I know. I love my PW, but I'm ready for a new toy.


----------



## jeffyen (Sep 18, 2010)

Kat S said:


> I guess we're getting a new PaperWhite for sure. I was searching around and noticed in the left hand navigation bar had an option for "All-New Kindle Paperwhite" and it leads here.
> 
> It looks like pretty much the standard paperwhite page as a placeholder, but it's definitely a separate page.


Actually this is the *old* kindle page because I remember seeing it before.  Recently they increased the memory to 4gb, so this particular url refers to the older version. The link there will take you to the current PW2, version 2.


----------



## Ann in Arlington (Oct 27, 2008)

jeffyen said:


> Actually this is the *old* kindle page because I remember seeing it before.  Recently they increased the memory to 4gb, so this particular url refers to the older version. The link there will take you to the current PW2, version 2.


Yes -- that's what we've decided.

But what is NEW since the last time I looked at that page -- and I've looked at it a couple of times since the news about the memory increase came out -- is the link on the right where you can sign up to be notified when it's out. And as Kat posted above, there's a link that indicates an 'all new' PW. It's possible it's just an error, or mis-directed link. But there's hope.


----------



## rlkubi (Dec 7, 2009)

They have refurbished Paperwhites (wifi and 3G) on special today at 8 and 12.  Maybe another sign?


----------



## dianasg (Jan 8, 2010)

Just another data point: I just bought and received the new 4Gb PW2 this week. When I click on the link in the OP, I see the orange bar to go to the new version, but no "you bought this" bar. When I click to go to the new version, I DO get the "you bought this" bar. Which tells me that the new version is just the 4gb PW2.


----------



## KimberlyinMN (Dec 30, 2009)

DianaGabriel said:


> Just another data point: I just bought and received the new 4Gb PW2 this week.
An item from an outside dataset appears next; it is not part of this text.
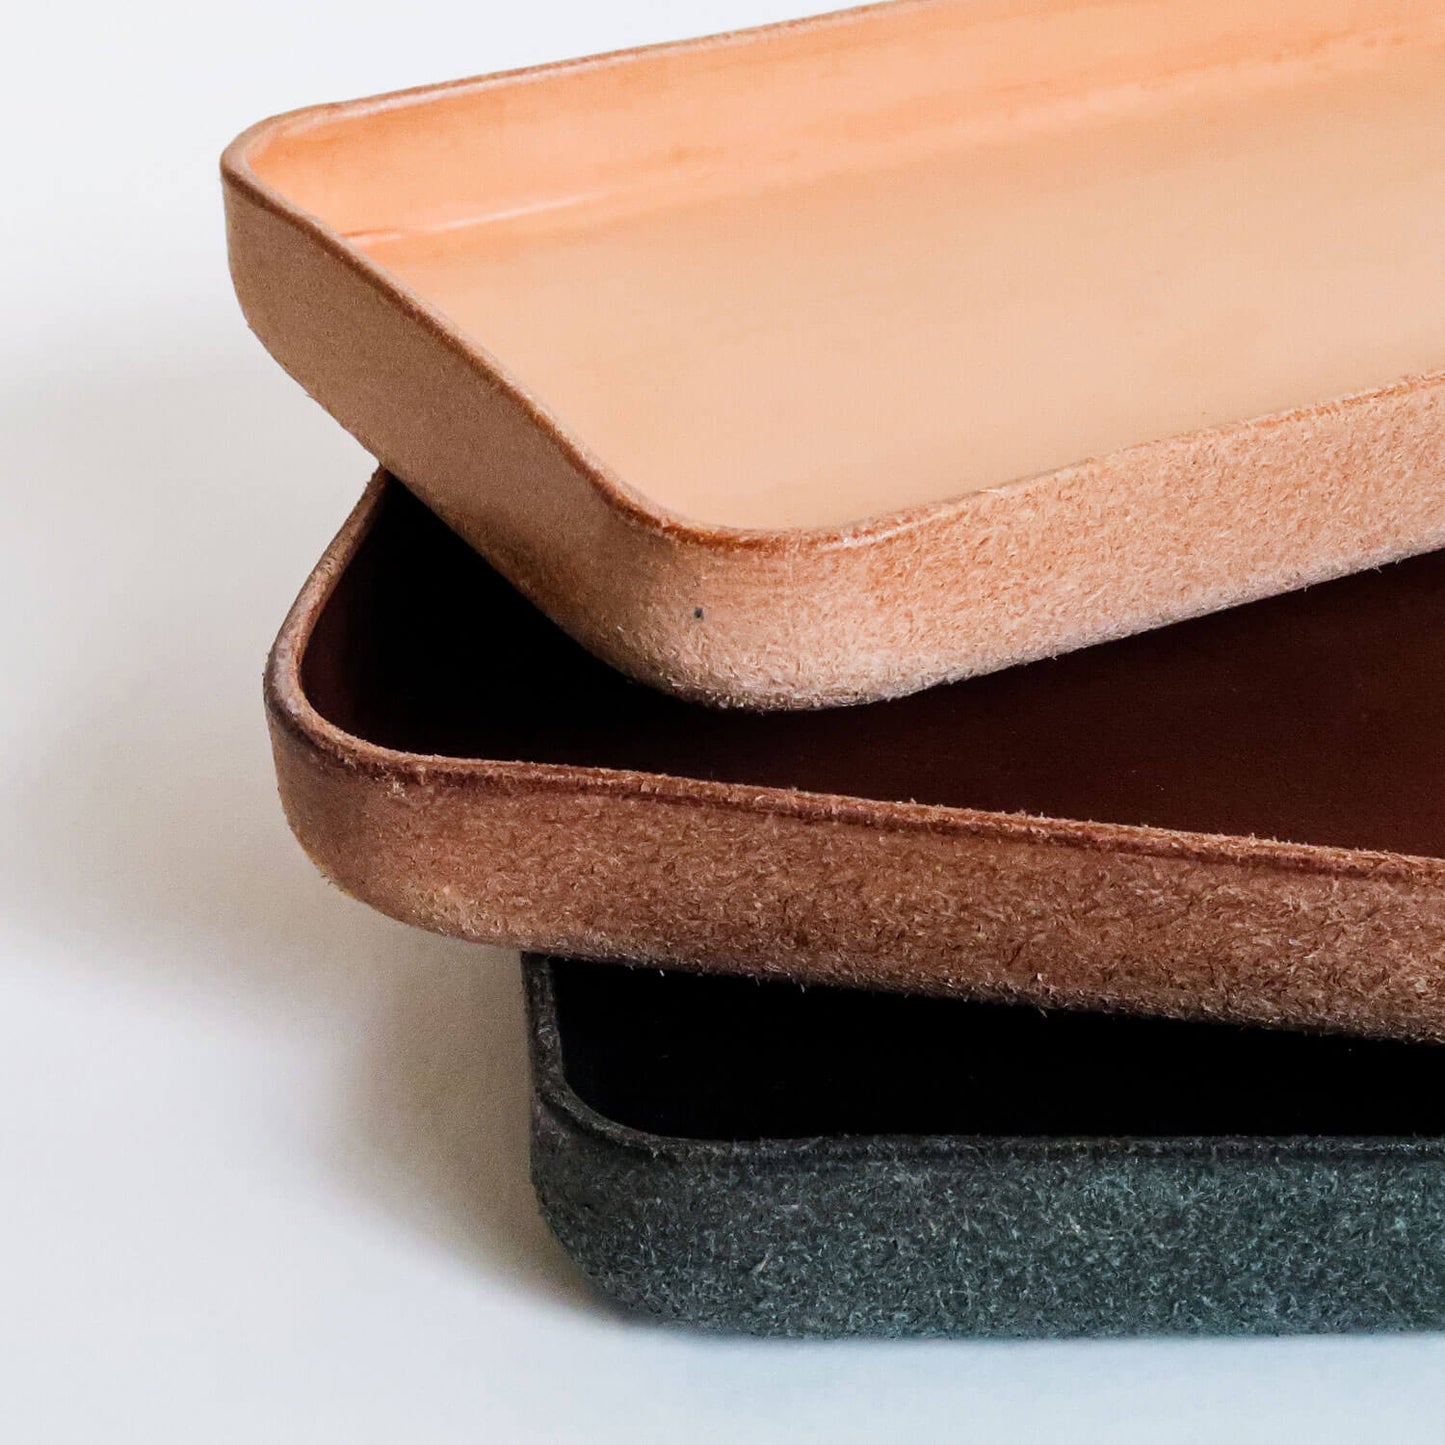 Leather Tray/ Medium Rectangle

When I click on the link in the OP, I see the orange bar to go to the new version, but no "you bought this" bar. When I click to go to the new version, I DO get the "you bought this" bar. Which tells me that the new version is just the 4gb PW2.


Ah.. that does make sense. 

I think the only thing they could add would be the page turn buttons (and still have the touch screen). It's just too dang cold in the winter in NW Minnesota to even have to move the fingers to try to tap a screen. Actually, my finger tips are usually so cold that they are hard. (My cat can EASILY change the screen for me.) BUT... I love the PW2.


----------



## Speaker-To-Animals (Feb 21, 2012)

Yeah, I would prefer buttons. Particularly really late at night when I'm just so tired, but OMG is this book great and I'm at 90% and I'm going to finish it if it kills me. That's what the touchscreen really starts to get into my face and I'm going backwards instead of forwards and so on.


----------



## Drewbo (Aug 16, 2014)

The Australian Amazon portal looks slightly different to the US one now, using the wording "All-New" in the title and the word "New" prefacing the Paperwhite options in the upper banner. Device looks to be the same, though.
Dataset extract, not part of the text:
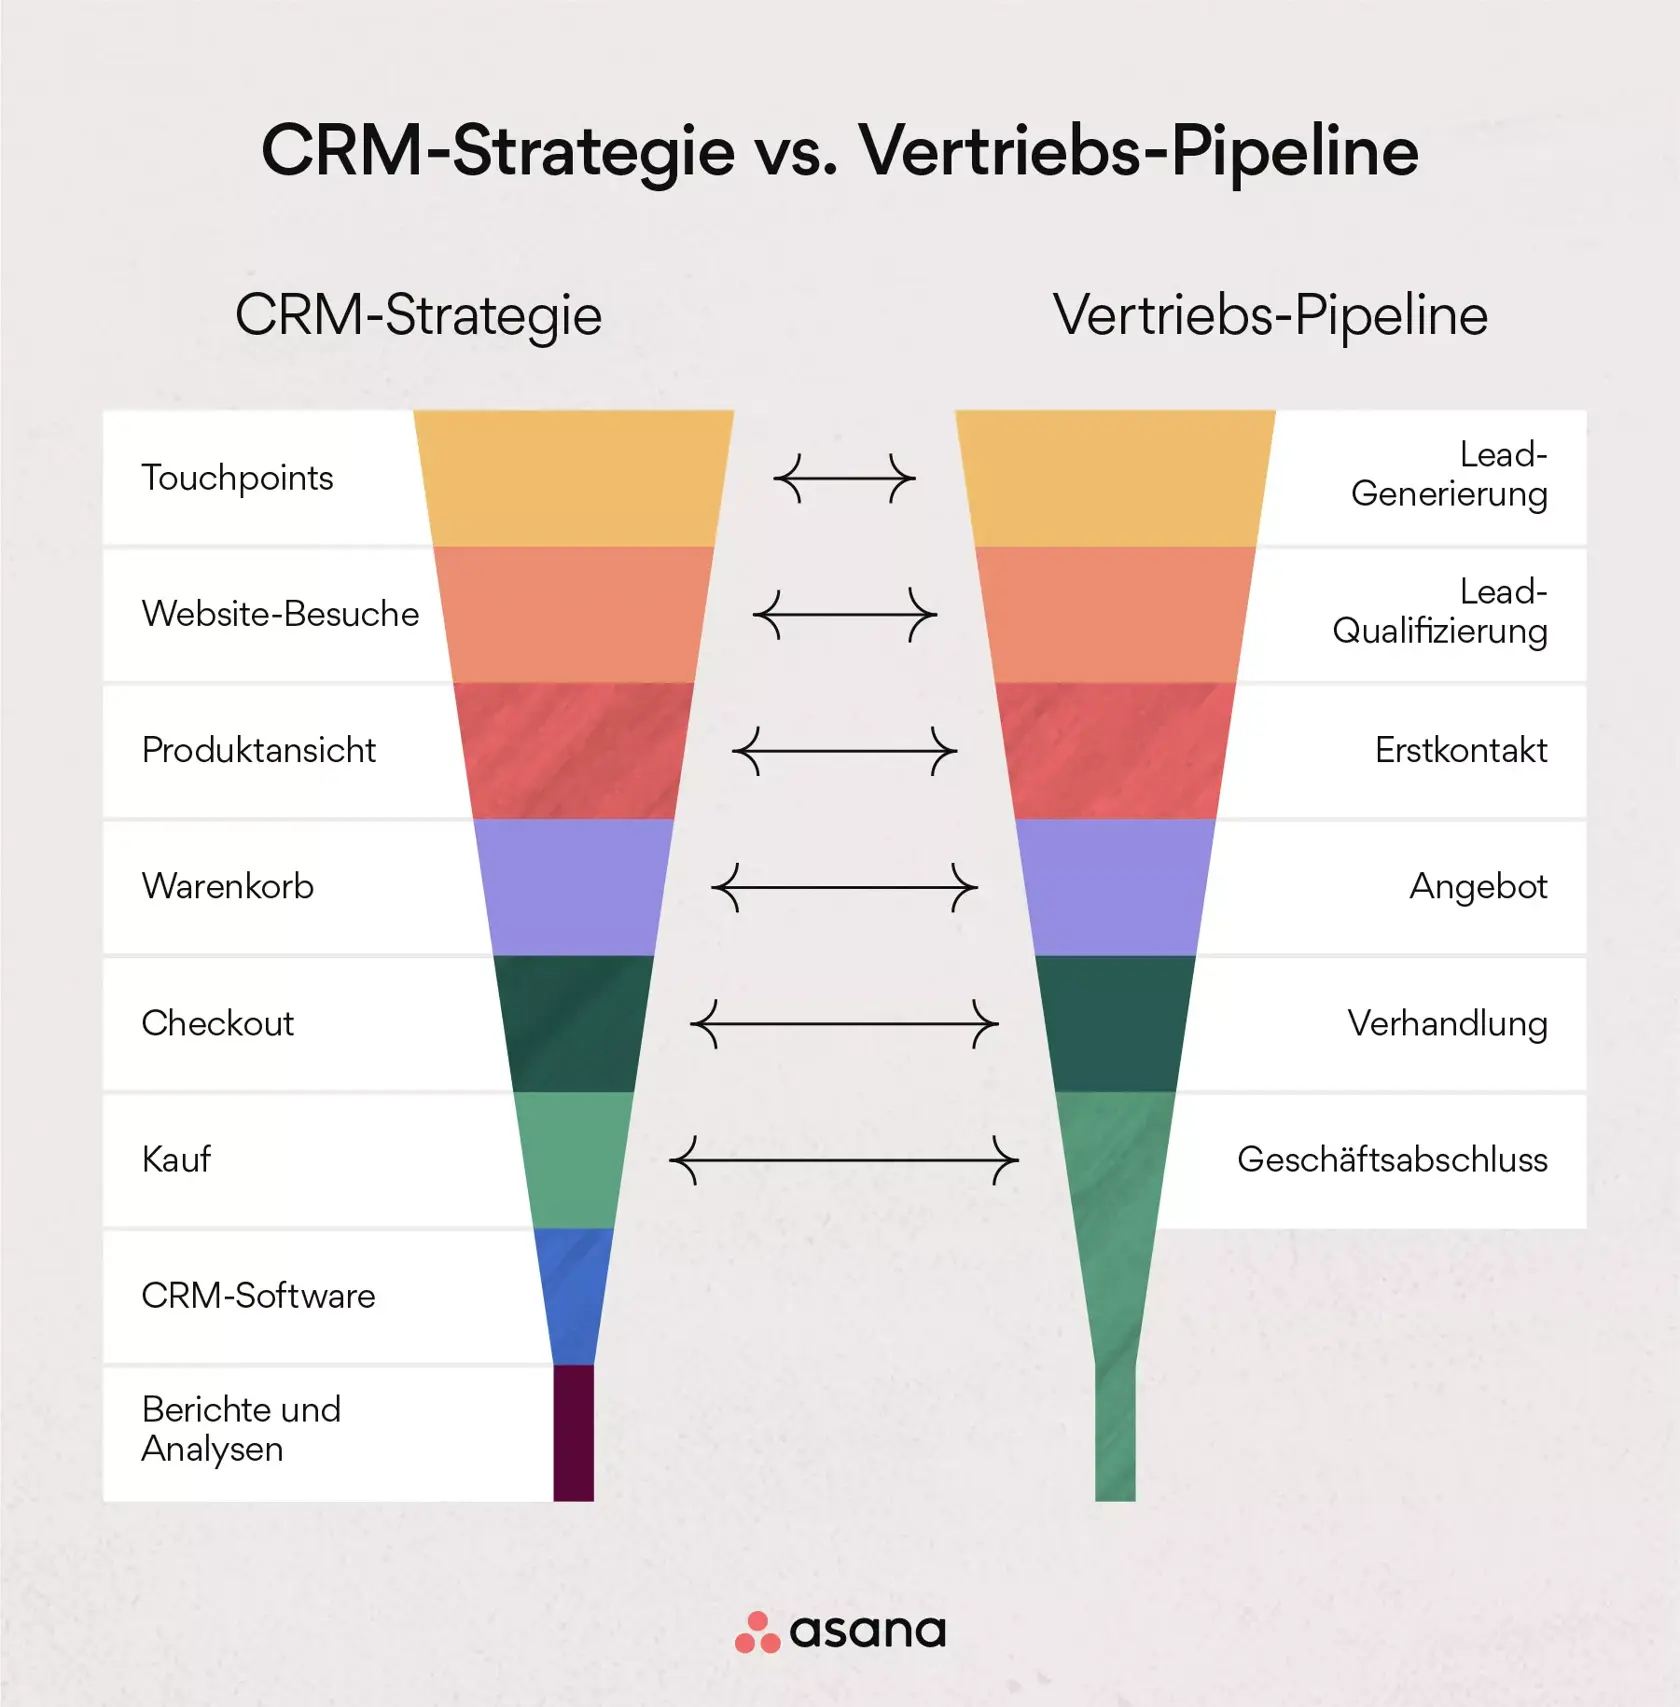 CRM-Strategie vs. Vertriebs-Pipeline

http://www.amazon.com.au/gp/feature.html?ie=UTF8&docId=3077740006


----------



## kb7uen Gene (Mar 13, 2009)

What's the latest word on color EINK?  I'm going to hold out for that display technology to hit the streets.  Because beyond the lack of color with the current display technology, the Paperwhite 2/3G seems to address all my other needs just fine.


----------



## Ann in Arlington (Oct 27, 2008)

Obviously, I don't _know_ anything -- none of us do really: it's all speculation at this point.

BUT, I, personally, don't expect Amazon to go with color eInk any time soon -- unless the clarity/responsiveness/cost of the technology has really drastically improved lately. I expect them to stick with B&W eInk but tweak features. For those that want color, there's the Fire line.

But, again, I don't KNOW ANYTHING.


----------



## auburn1975 (Sep 4, 2010)

My heart's desire is that it has a speaker with Text-to-speech functionality... Come on, Amazon; please come through for us travelers as we have had nothing since the Kindle Keyboard.


----------



## kc8172 (May 15, 2009)

Is this what we have been waiting for? I just logged into Amazon and the kindle page shows a "new" Kindle for $139, but it seems to be basically the same except with 25% faster processor . I read through quickly and there are some features that are highlighted as "IMPROVED".  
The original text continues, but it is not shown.